Tuesday, May 18, 2021

And we're off... sort of

Yesterday marked the start of the four-week summer session and the professional writing class I am shepherding. I have never taught a class that normally spans 16 weeks in a mere month, but maybe I will be pleasantly surprised. 

My skepticism is based on there being no real time for rewriting or simply rethinking a problem or challenge or situation. For a guy who spent decades asking for multiple drafts and engaging in conversations directly with writers, the lack of a process approach seems heretical.

The sheer volume of quizzes and readings and videos and various writing assignments that students will be navigating adds to my skepticism. Fall behind by just a few days, and the inexorable torrent of work may overwhelm even the most well-meaning student.

But the concentrated approach may also force concentrated attention on writing and creating persuasive documents, free of competition with other courses. A bit of enforced focus may be just what some students need to improve. We shall see.

In a normal semester, technical problems or the lag between when a student switches sections or adds a course can wipe out 2-3 work days, adding more pressure to the few remaining.

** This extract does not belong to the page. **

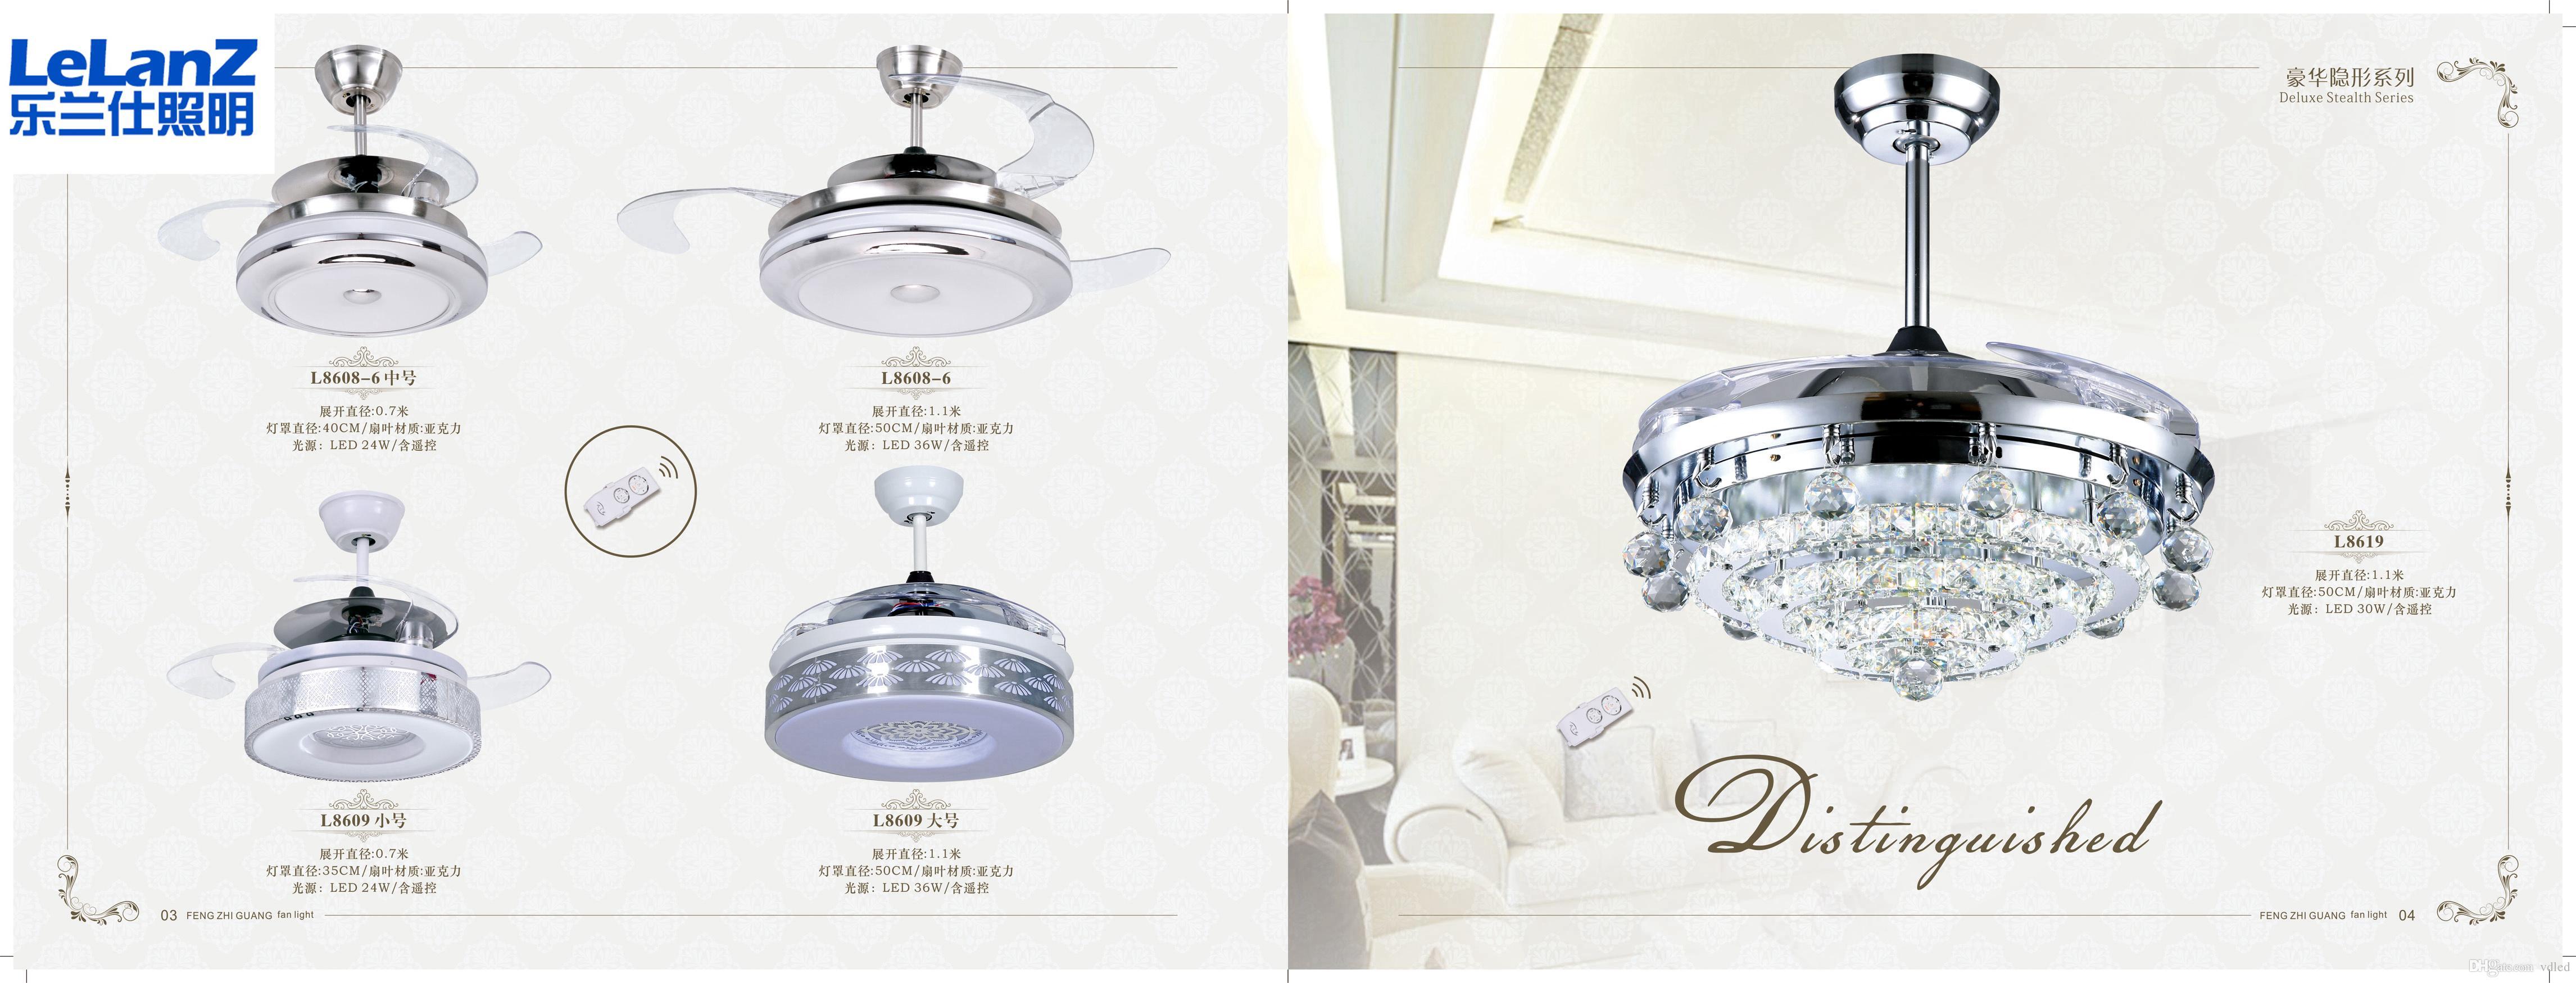 Wholesale ade of ceiling fan lamp Mediterranean European style of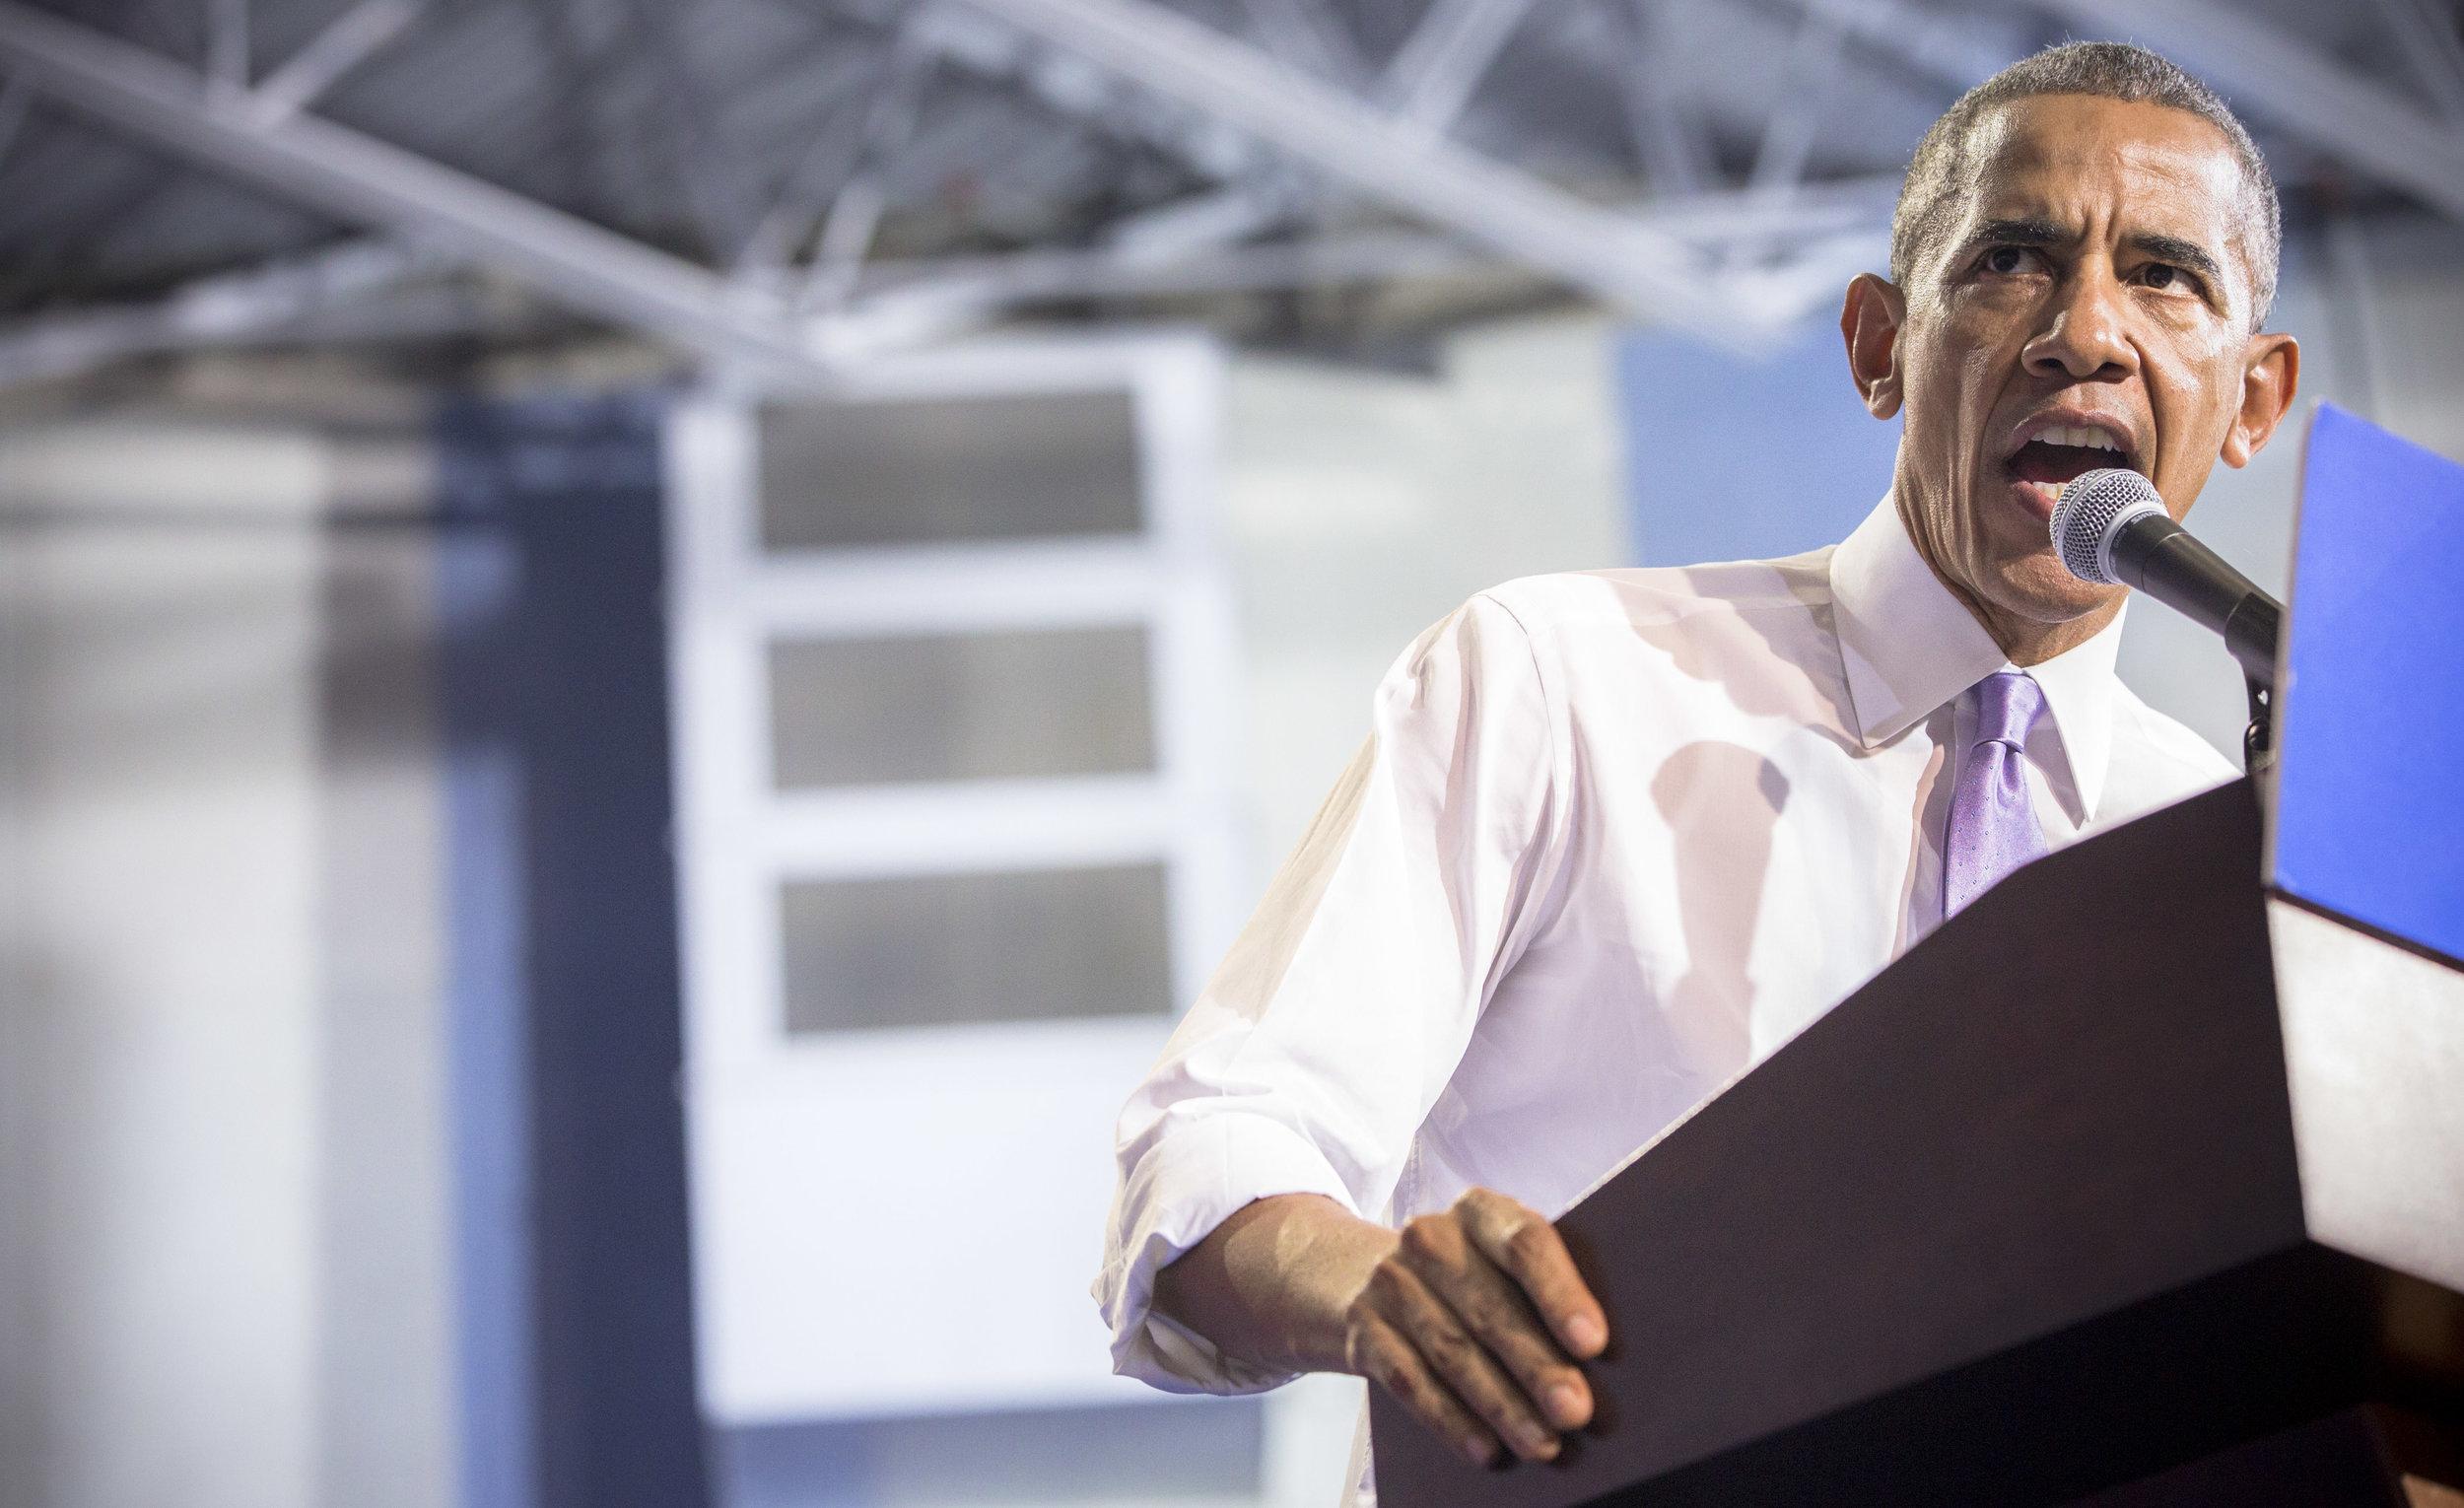 10202016_BJM_Barack_Obama_Campaigns_in_Miami_Florida_11.jpg

Our first tech issue arrived on the first day, as a student emailed me saying that he could not get the PDFs of most lecture PowerPoints to download. I fiddled a bit looking for a fix, but since I don't have much to do with the nuts and bolts of creating the course in Canvas, I had no luck.

Now my students and I are at the mercy of overworked technical course managers at CSU. 

I am but a small cog in a complex and forbidding system. That's the life of an adjunct professor.